A lot of it is gone already, even in the current development sources, and
the rest of it will go away for at least one history backend if I ever
manage to find the time to get to the history rewrite.
Offsets into a text file are too inefficient, too slow, and cause problems
for in-place updates (which we want to be able to do for all sorts of
reasons, not the least being mvgroup). We're running into the 2GB limit
on text files already; the right way to fix that is to first go to a
binary file (which will shrink the size of the file by a factor of three,
at least, without any real loss given that the history file is, in
practice, binary already) and then add support for multiple buckets of
data so that we only have to worry about the size of the index.

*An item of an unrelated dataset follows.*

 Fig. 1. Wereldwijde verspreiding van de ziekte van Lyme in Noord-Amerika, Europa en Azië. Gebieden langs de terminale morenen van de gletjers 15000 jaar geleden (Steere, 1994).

So in the long run, in-place updates should be possible with at least some
of the history backends, but duplicates likely won't.
> OK, I think you need to explain to me exactly what this API token is. Do
> I gather than the history file essentially maps (a hash of) the
> Message-ID to an API token (plus an expiry date or whatever).
Right.
> So presumably this API token is mapped to actual storage in some way,
> whether via article numbers or not. I think I need to understand that
> bit of the process.
It's a black box. The storage API token is passed to one of the backend
storage APIs, and the storage API gives you the corresponding article.
The first few bits tell you what backend to use; beyond that, how the
storage API maps a token to an article is none of INN's business. It can
be black magic.
For traditional spool, it's a representation of the newsgroup and the
article number within that newsgroup, of course. But for CNFS, it's a
cycbuff and an offset in that cycbuff; for timehash it's the hashed
article path, for timecaf it's the time bucket and the article number
within the bucket, etc.
Mapping article numbers to storage API tokens is done via overview.
Mapping message IDs to storage API tokens is done via history.
-- Russ Allbery (rra@stanford.edu) <http://www.eyrie.org/~eagle/>